"Oh, she wrecked my pet toe with a guillotine heel because I ventured to sympathize with her."
"Oh," commented the experienced Alderson. "Sympathy isn't in much demand when one is seasick."
"It wasn't seasickness. It was weeps for the vanished fatherland; such blubbery weeps! Poor little girl!" mused the Tyro. "She isn't much bigger than a minute, and so forlorn, and so red-nosed, and so homely, you couldn't help but—"
At this moment a drunken stagger on the part of the ship slewed the speaker halfway around. He found himself looking down upon a steamer-chair, wherein lay a bundle swathed in many rugs. From that bundle protruded a veiled face and the outline of a swollen nose, above which a pair of fixed eyes blazed, dimmed but malevolent, into his.
"Er—ah—oh," said the Tyro, moving hastily away. "If you'll excuse me I think I'll just step over the rail and speak to a fish I used to know."
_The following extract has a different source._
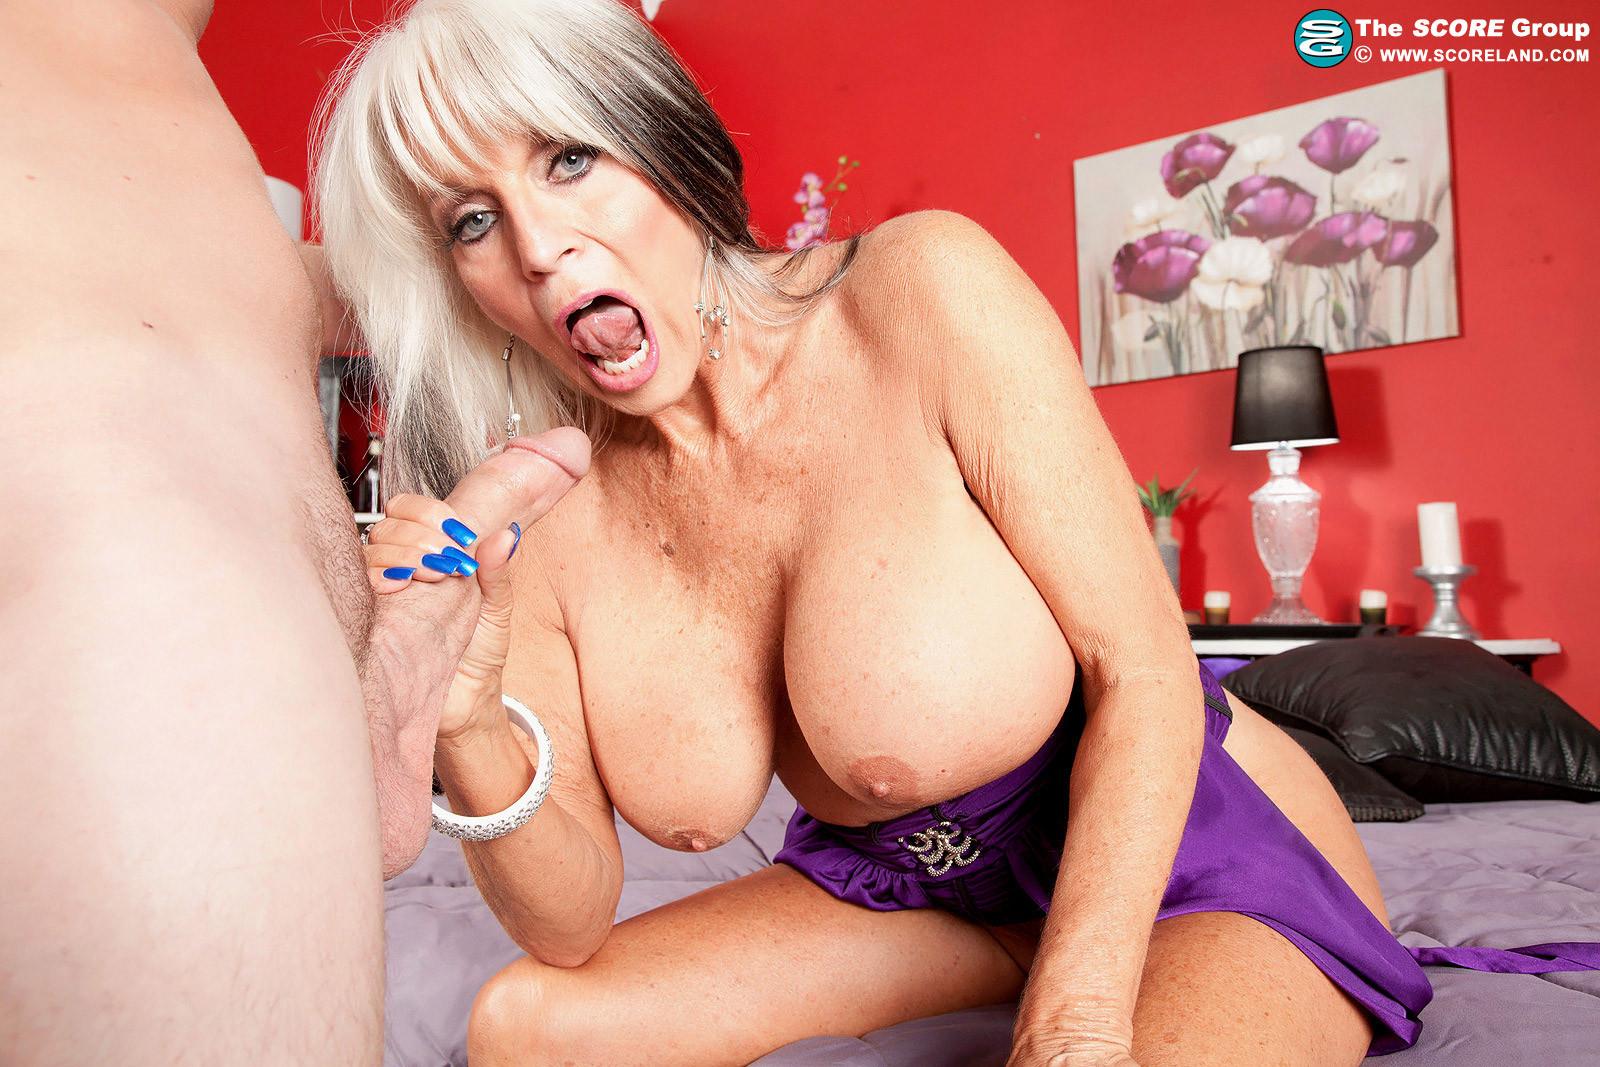 Wifey eats spunk

"What's the matter?" inquired Alderson suspiciously, following him. "Not already!"
"Oh, no. Not that. Worse. That bundle almost under our feet when I spoke—that was Little Miss Grouch."
Alderson took a furtive glance. "She's all mummied up," he suggested; "maybe she didn't hear."
"Oh, yes, she did. Trust my luck for that. And I said she was homely. And she is. Oh, Lord, I wouldn't have hurt her poor little feelings for anything."
"Don't you be too sure about her being so homely. Any woman looks a fright when she's all bunged up from crying."